La rupture de canalisation dans le quartier toulousain de Saint-Michel a eu lieu le 10 mars 2018. — SDIS Haute-Garonne
  • En deux ans, deux ruptures importantes de canalisation ont eu lieu à quelques mètres de distance dans le quartier Saint-Michel.
  • Selon Veolia, le réseau d’eau toulousain, dont les canalisations ont 40 ans en moyenne, est l’un des performants au niveau national.

Samedi, les riverains et commerçants du quartier Saint-Michel, à Toulouse, se sont retrouvés les pieds dans l’eau​, tout comme la station de métro.
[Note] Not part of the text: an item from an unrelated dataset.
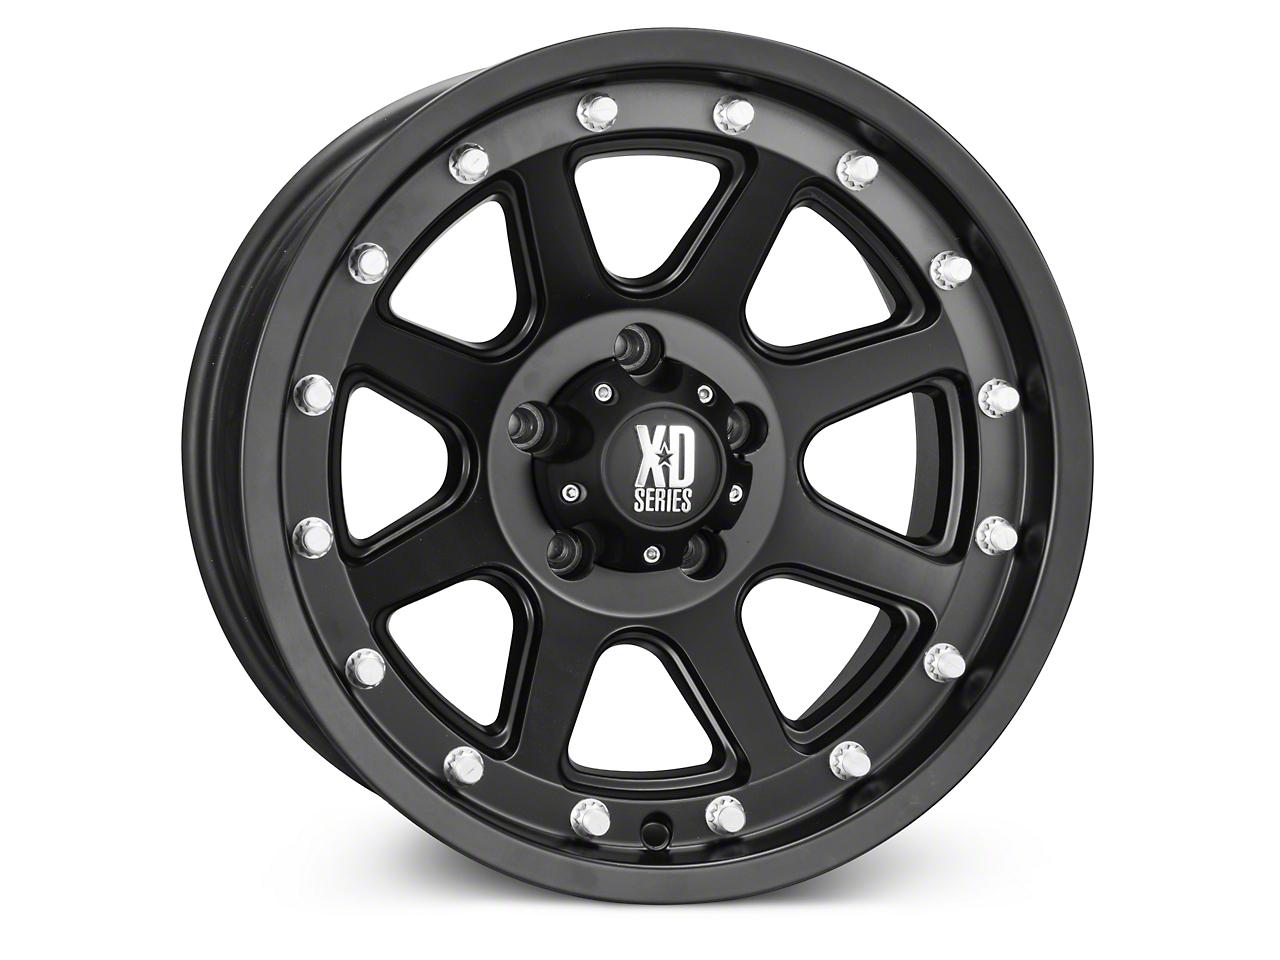 XD Addict Matte Black Wheel - 17x9 (07-18 Jeep Wrangler JK; 2018 Jeep Wrangler JL)

La rupture d’une canalisation est à l’origine de ce sinistre, tout comme cela avait été déjà le cas il y a un an, à quelques centaines de mètres de là, au niveau de la station de métro Saint-Agne.

Deux incidents à un an d’intervalle qui suscitent des interrogations au sein de la population sur l’état du réseau.

Expertises en cours

Si en 2017, le choc thermique dû à des changements brusques de température était à l’origine de la casse, cette fois-ci le tube en fonte de 30 centimètres de diamètre pourrait avoir été victime de travaux réalisés par d’autres opérateurs selon Veolia.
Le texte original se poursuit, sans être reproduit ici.